Start of INFORMATION SHOWN
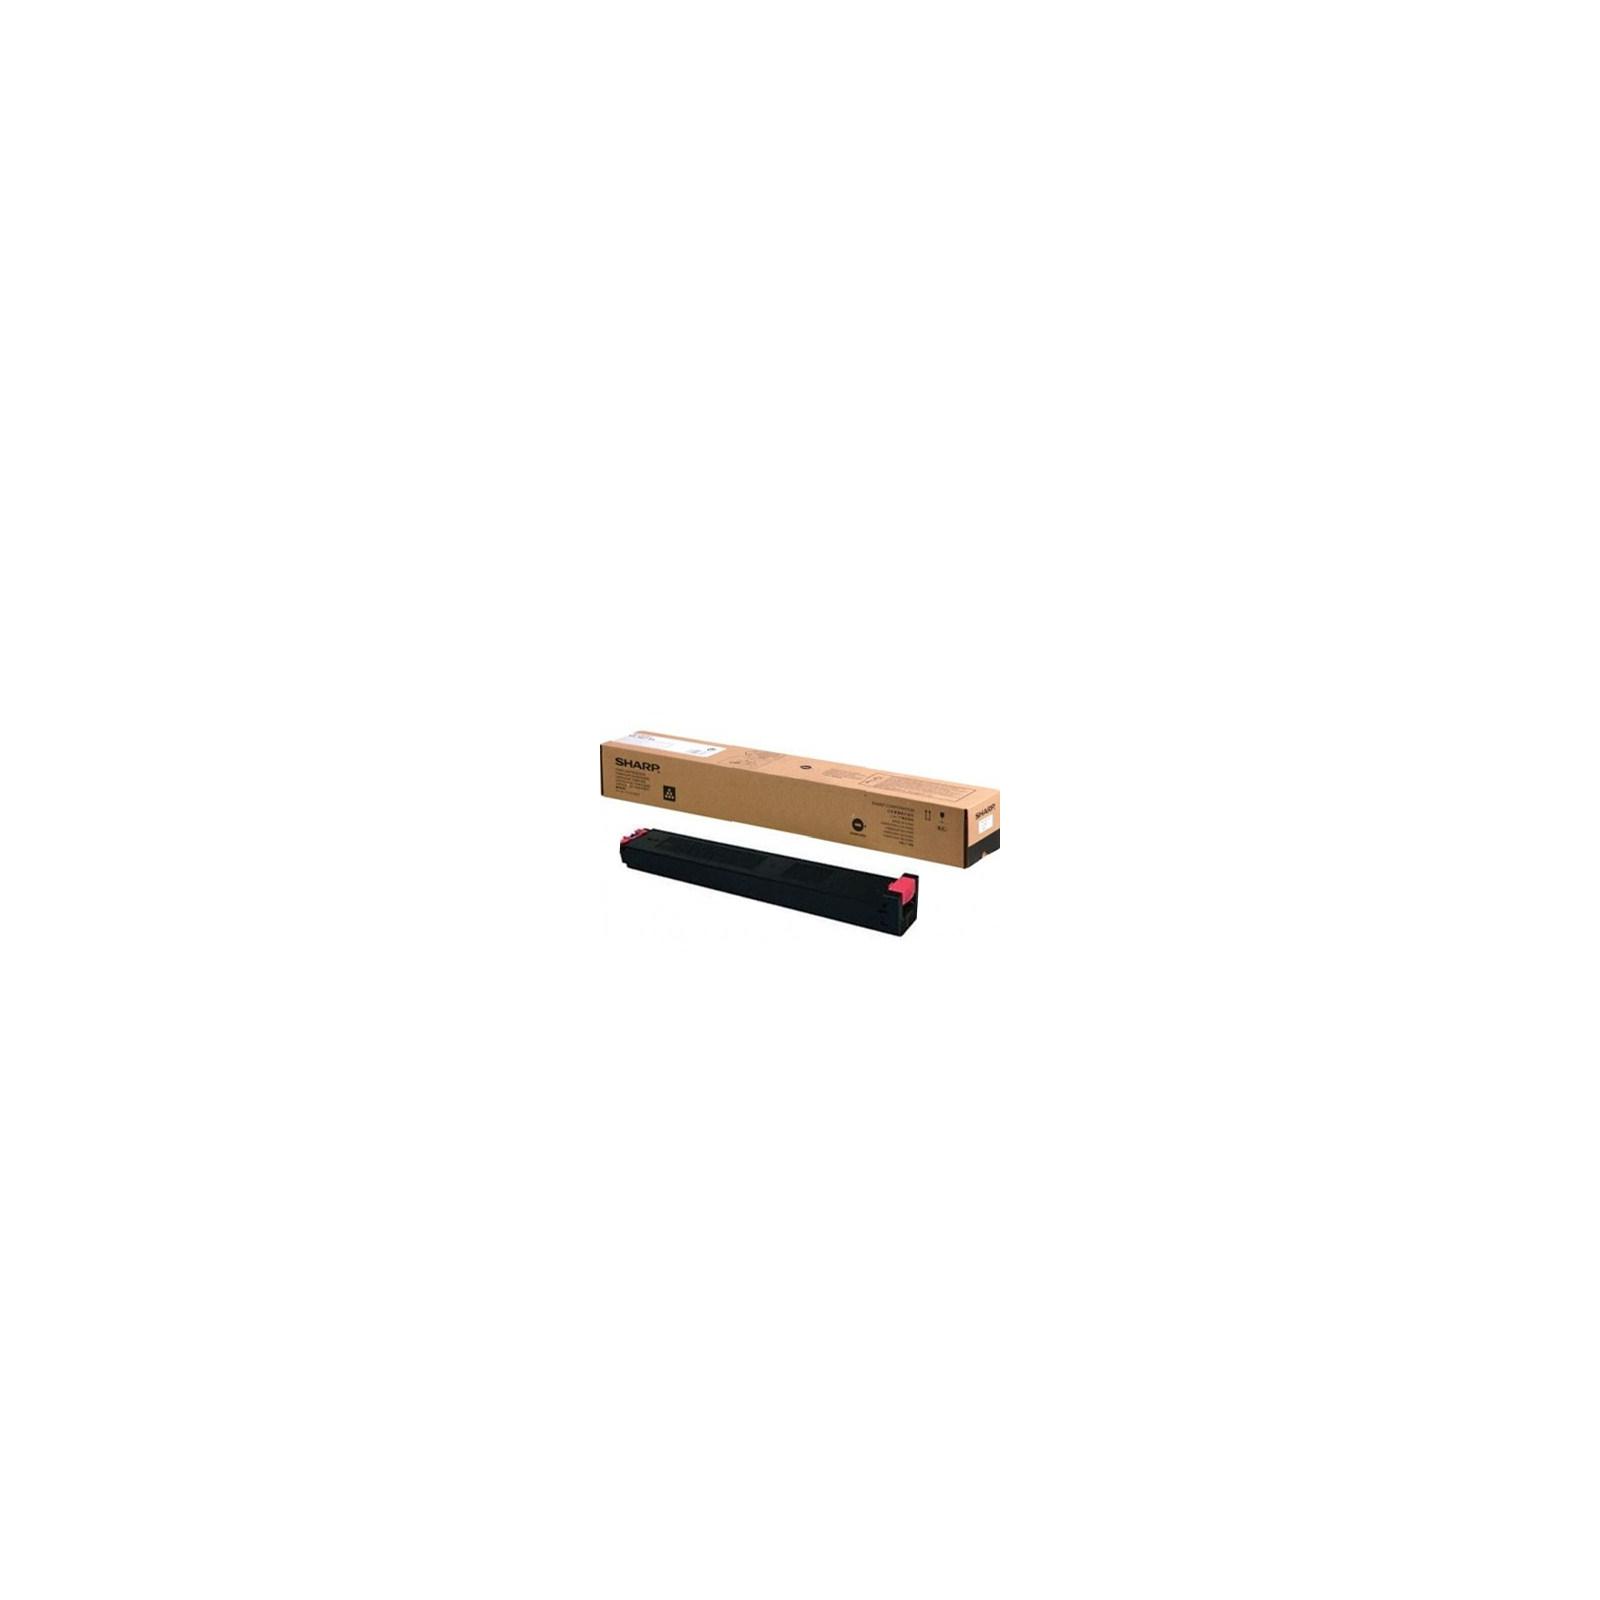 Тонер-картридж SHARP MX36GTMA (15K)Magent MX-2610N/3110N (MX-36GTMA)
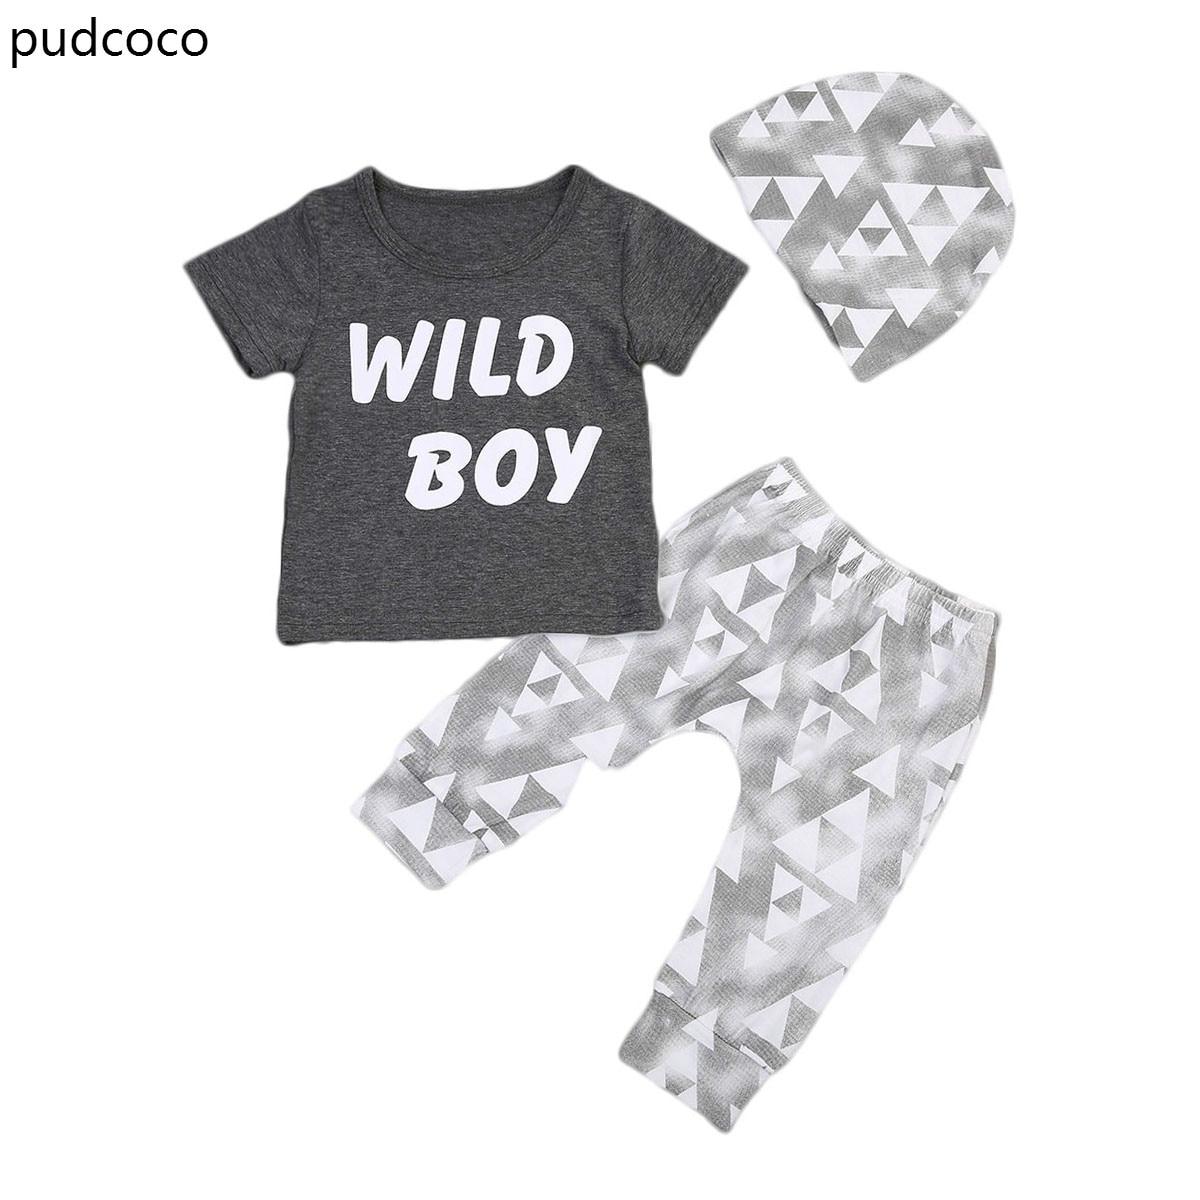 3pcs Kids Clothes Set Newborn Baby Boys Wild Boy Short Sleeve Tops T-shirt Pants Leggings Hats Outfits Children Clothing Sets
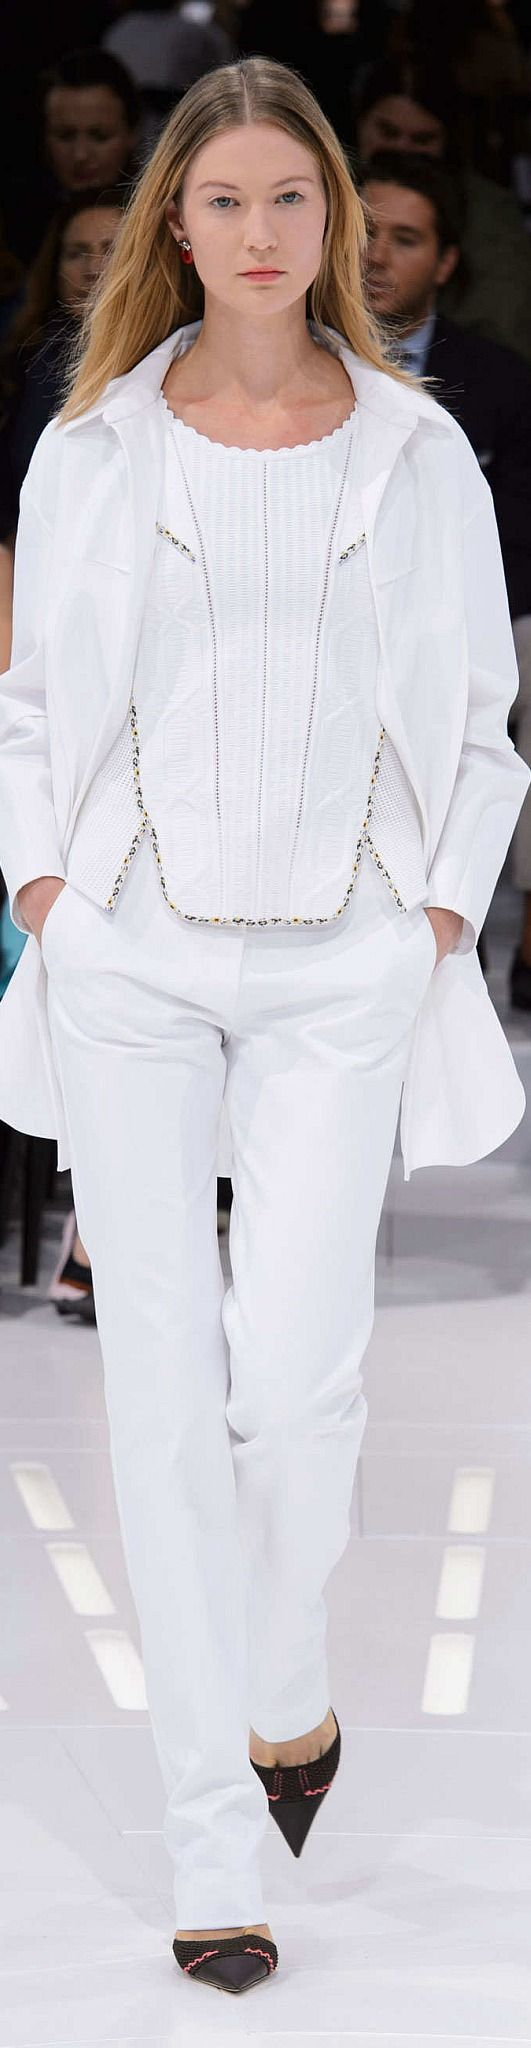 Christian Dior Collection Spring 2015
End of INFORMATION SHOWN
In your copy, reproduce the data above exactly and skip every picture.

 Тонер-картридж SHARP MX36GTMA (15K)Magent MX-2610N/3110N (MX-36GTMA)
 3pcs Kids Clothes Set Newborn Baby Boys Wild Boy Short Sleeve Tops T-shirt Pants Leggings Hats Outfits Children Clothing Sets
 Christian Dior Collection Spring 2015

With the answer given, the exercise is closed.